REPUBLIKA.CO.ID, WONOSARI -- Dinas Peternakan dan Kesehatan Hewan Kabupaten Gunungkidul, Daerah Istimewa Yogyakarta, kembali menerima laporan seekor sapi mati di Padukuhan Pucangsari, Kalurahan/Desa Candirejo.
Kepala Bidang Kesehatan Hewan, Dinas Peternakan dan Kesehatan Hewan (DPKH) Gunungkidul Retno Widyastuti di Gunungkidul, Minggu, mengatakan laporan sapi itu pada Jumat (6/7).
"Kami langsung menerjunkan petugas untuk menginvestigasi penyebab kematian sapi tersebut. Kami masih menunggu hasil laboratorium. Hal ini dikarenakan tidak semua ternak yang mati karena antraks," kata Retno.
Ia mengatakan lokasi sapi mati tersebut jauh dari Padukuhan Jati yang saat ini menjadi zona merah antraks. Jarak antara dua padukuhan ini sekitar 10 kilometer (km).
Sapi tersebut sudah diketahui dalam kondisi sakit, dan sempat disuntik dua kali oleh petugas kesehatan hewan (puskeswan). Matinya juga tidak mendadak. "Sampelnya tetap kami ambil untuk pemeriksaan lebih lanjut," katanya.
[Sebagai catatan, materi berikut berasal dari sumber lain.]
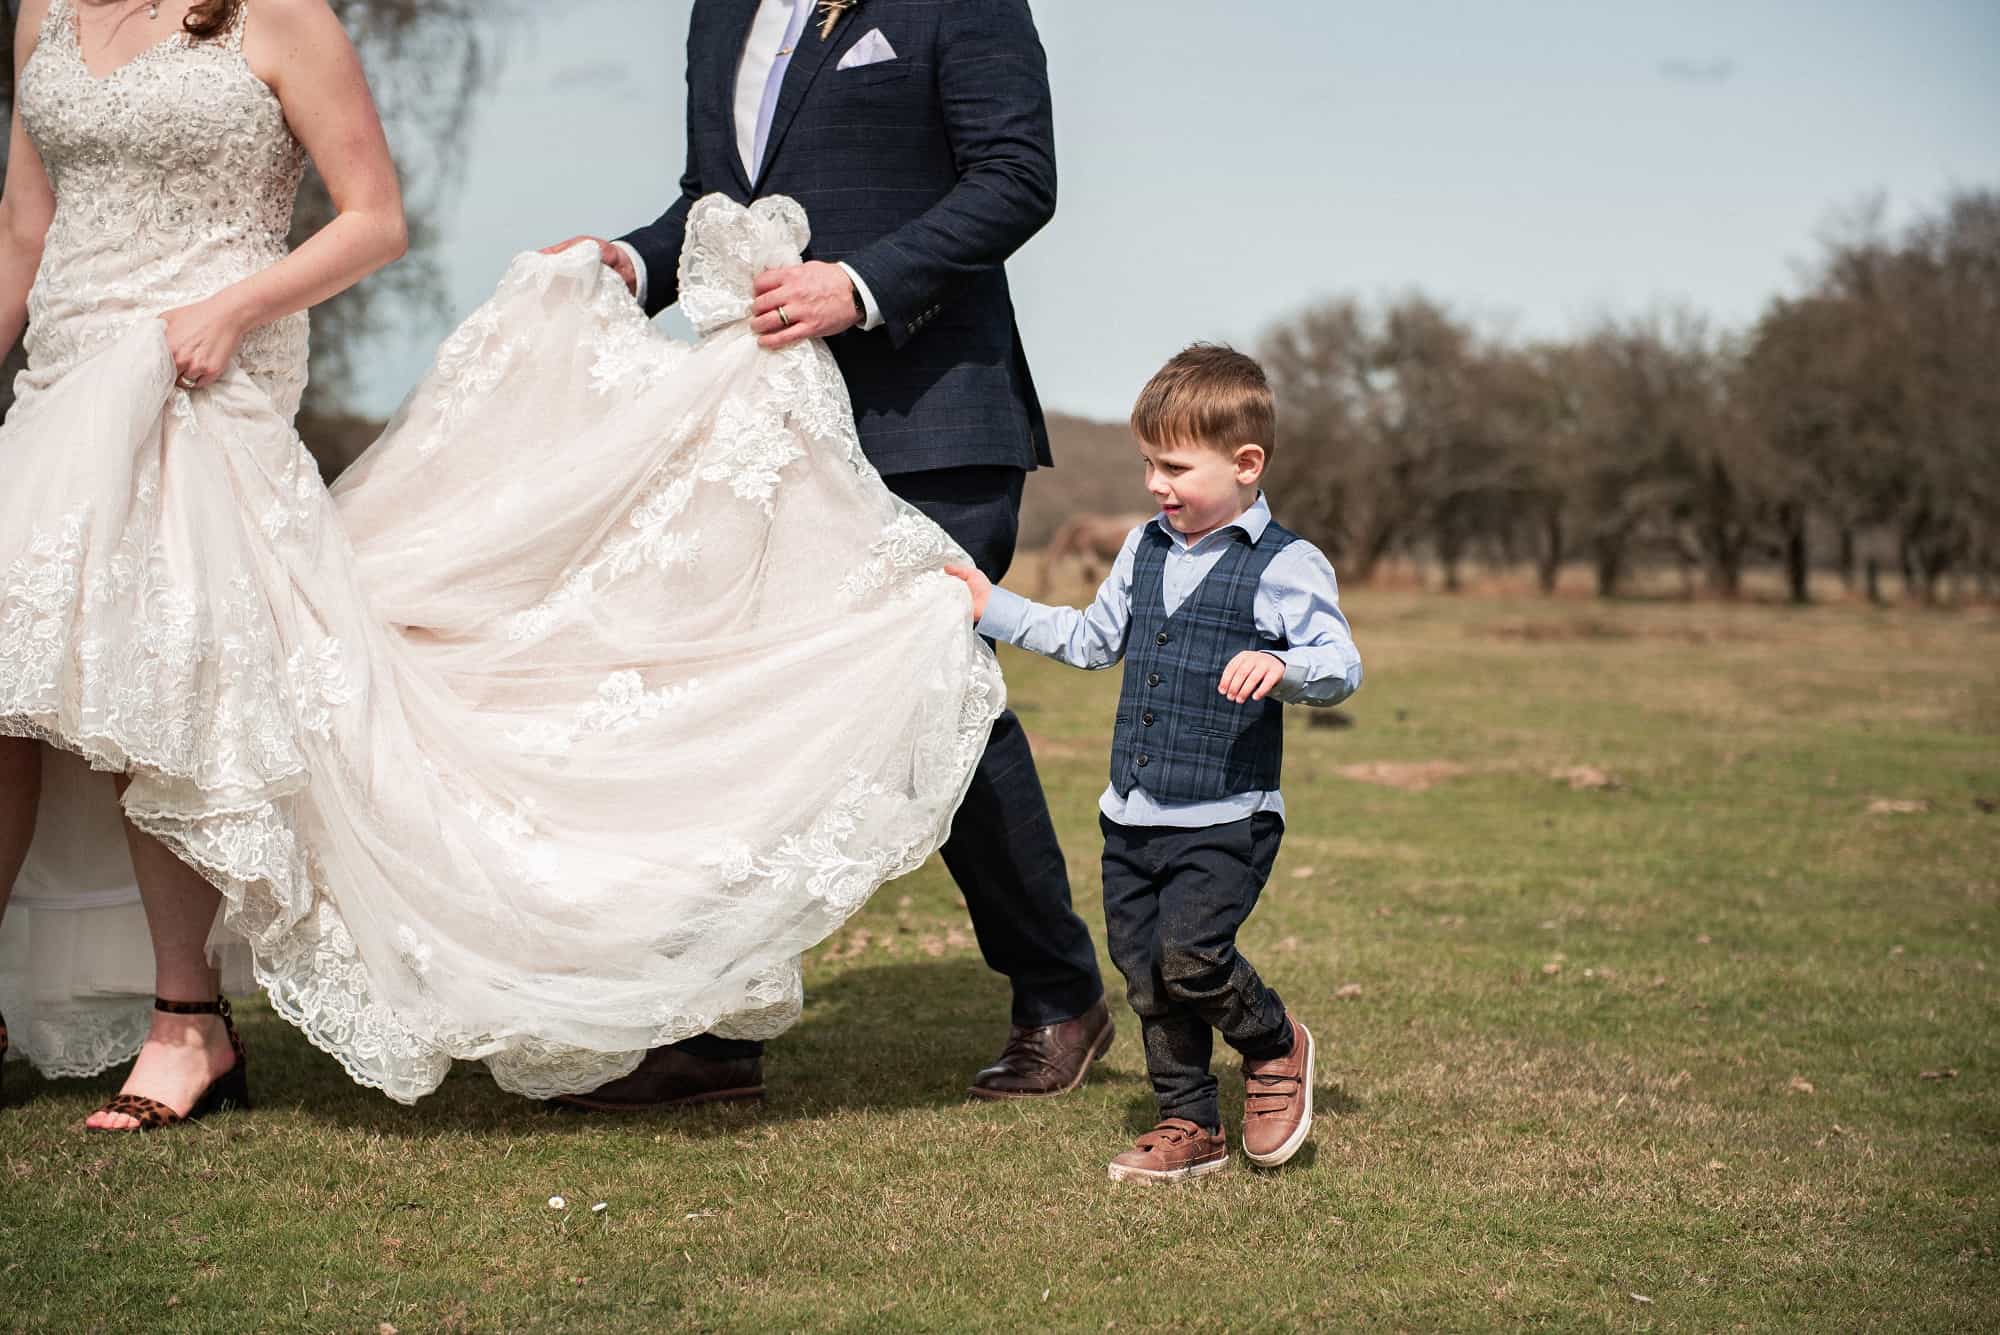 Groom holding brides dress on their wedding day with their little boy helping hold the dress

Retno mengatakan bangkai sapi itu sudah dikuburkan. Prosesnya mendapatkan pengawasan ketat dari tim DPKH Gunungkidul didampingi tim puskeswan setempat.
DPKH masih menunggu hasil uji laboratorium Balai Besar Veteriner (BBVet) Yogyakarta terbaru dari sampel tanah di Jati. Sampel tersebut diambil pada Kamis (5/7).
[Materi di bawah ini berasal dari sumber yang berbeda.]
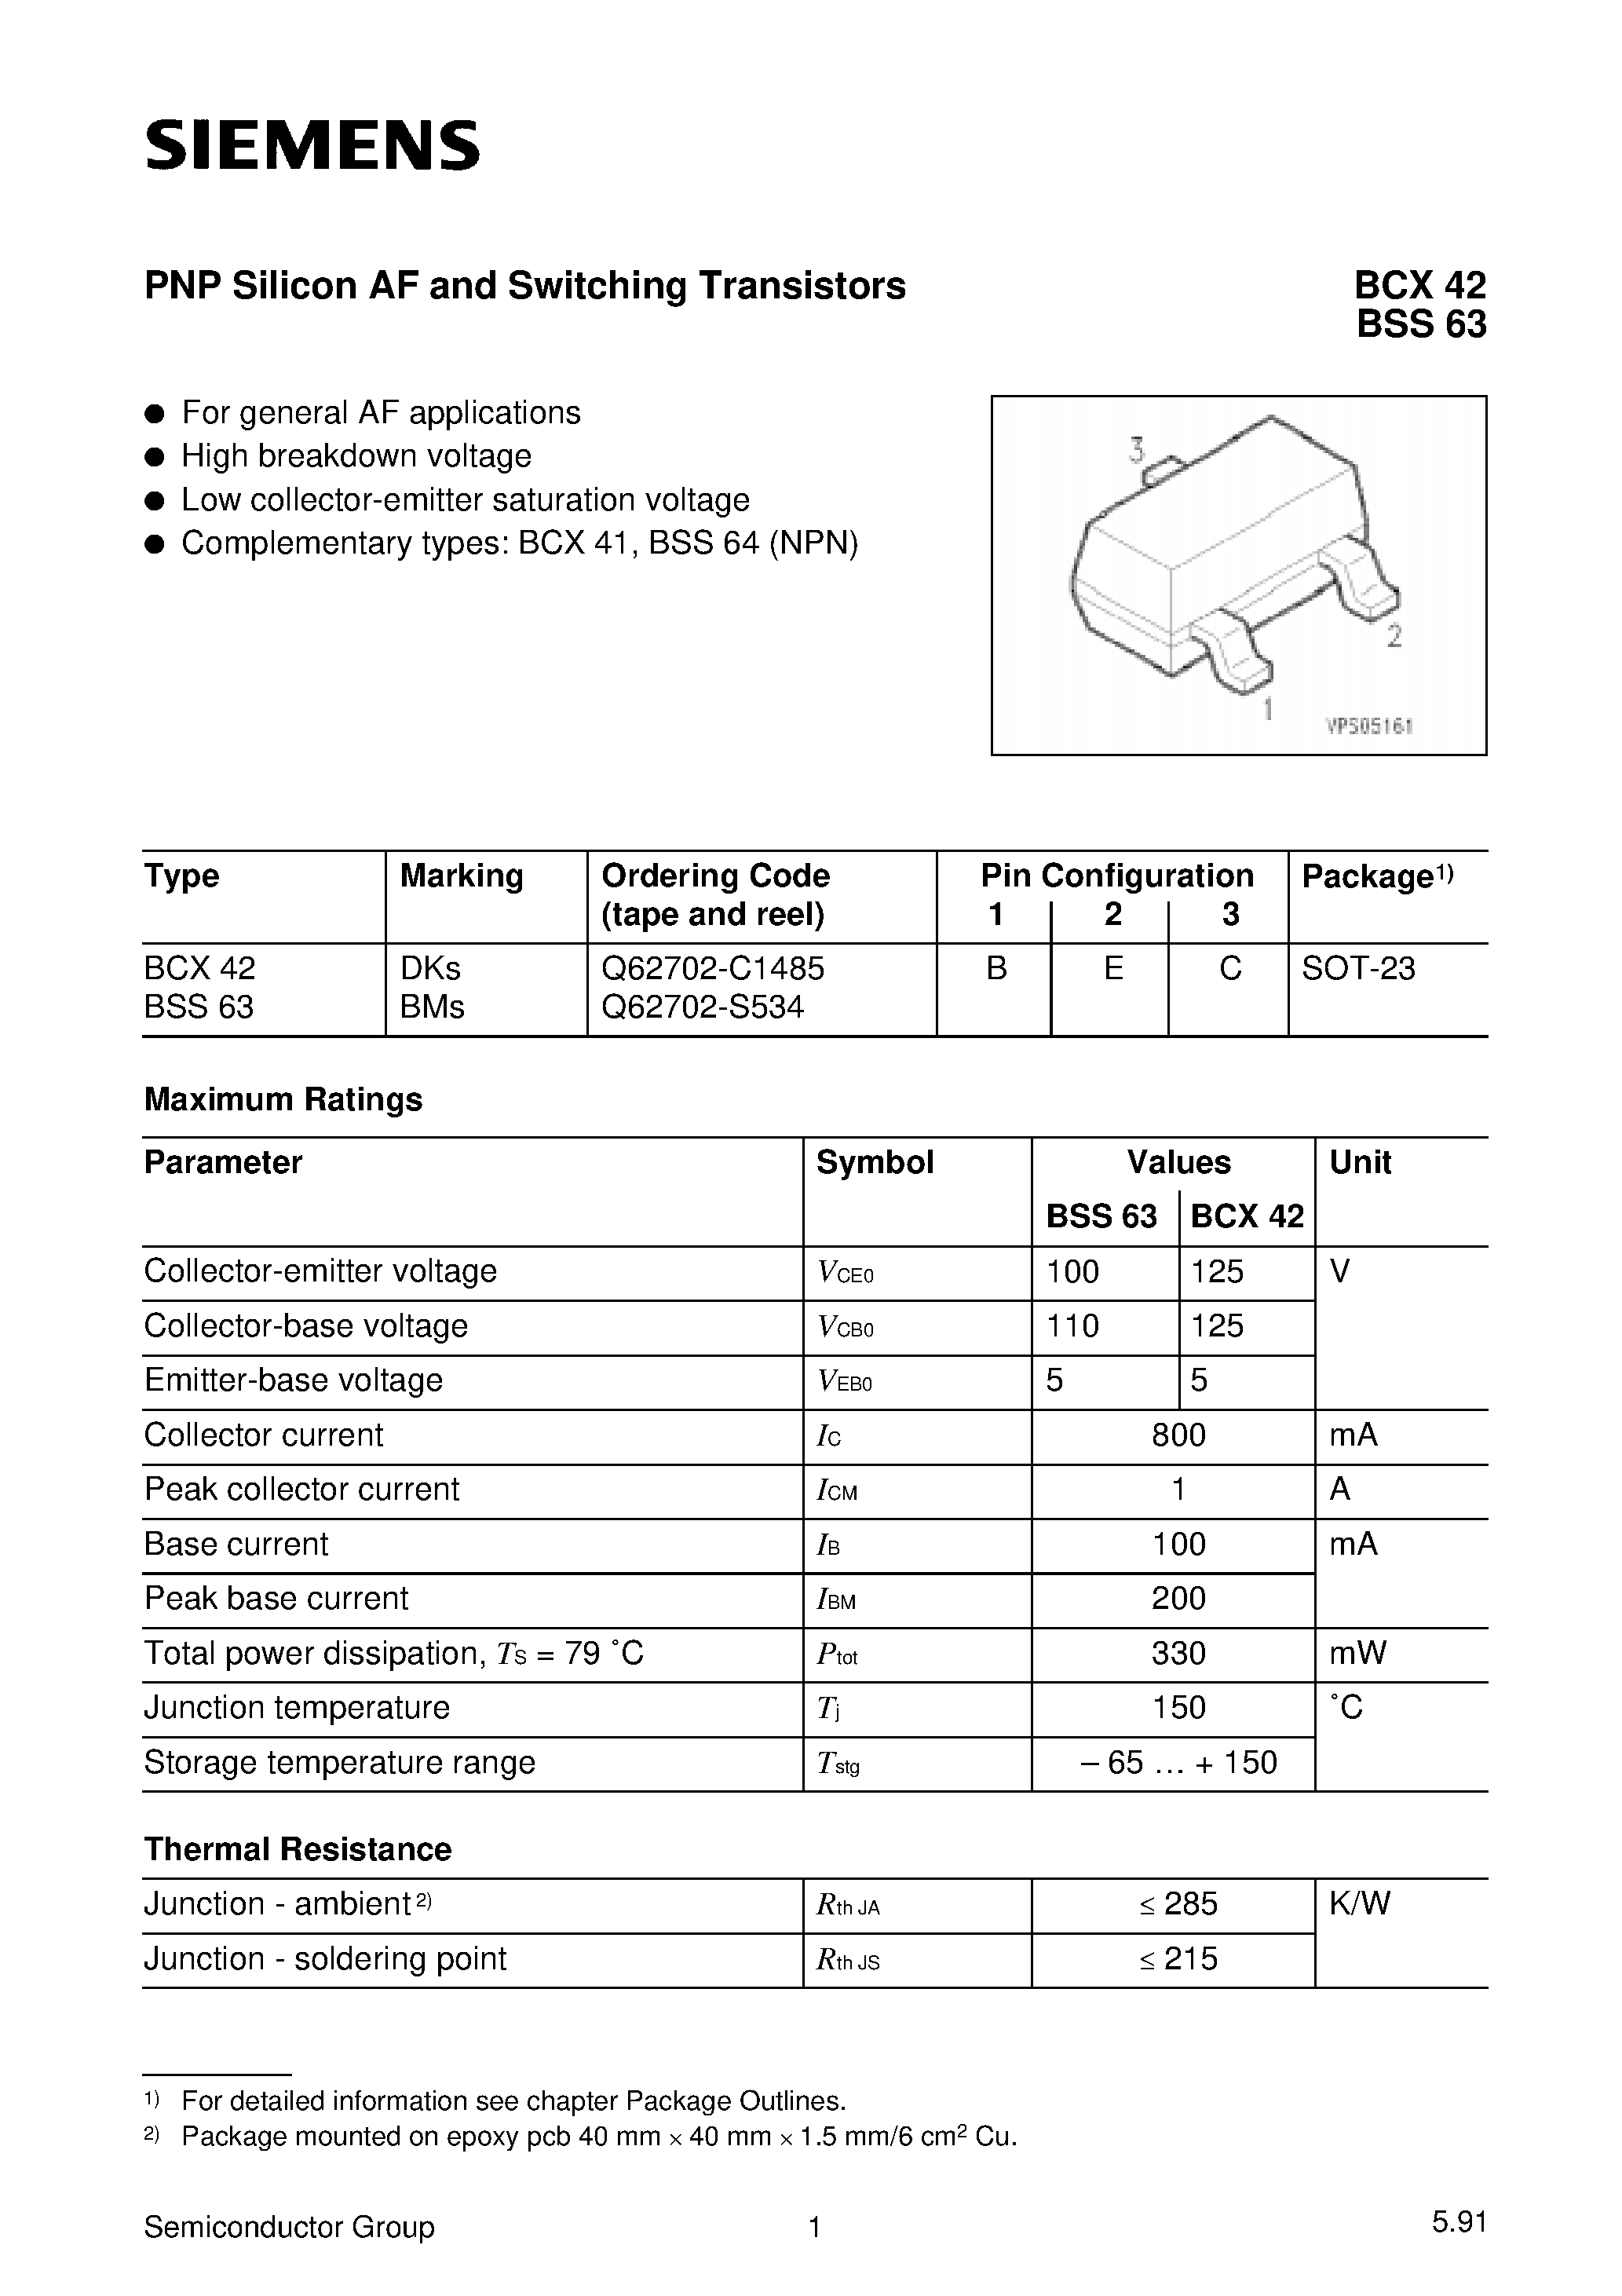 Datasheet BCX42 - PNP Silicon AF and Switching Transistors (For general AF applications High breakdown voltage) page 1

Jika nanti masih positif antraks, maka lokasi sampel tanah diambil akan disiram dengan cairan formalin. Jika sudah negatif, maka lokasinya akan disemen agar lebih aman.
"Pemeriksaan akan terus kami lakukan sampai tanahnya negatif spora antraks," katanya.
Kepala DPKH Gunungkidul Wibawanti Wulandari mengatakan DPKH Gunungkidul mencatat ada enam sapi dan enam kambing mati di Padukuhan Jati selama November 2022 hingga Juni 2023. Sebanyak 12 ternak ini dinyatakan positif antraks.
Wibawanti mengatakan Pemkab Gunungkidul melakukan pembatasan pergerakan ternak dari Jati. Begitu juga pergerakan di semua pasar hewan.
"Semua hewan sebelum masuk pasar wajib desinfeksi dan diperiksa, guna memastikan tidak ada penyebaran antraks," ujar Wibawanti.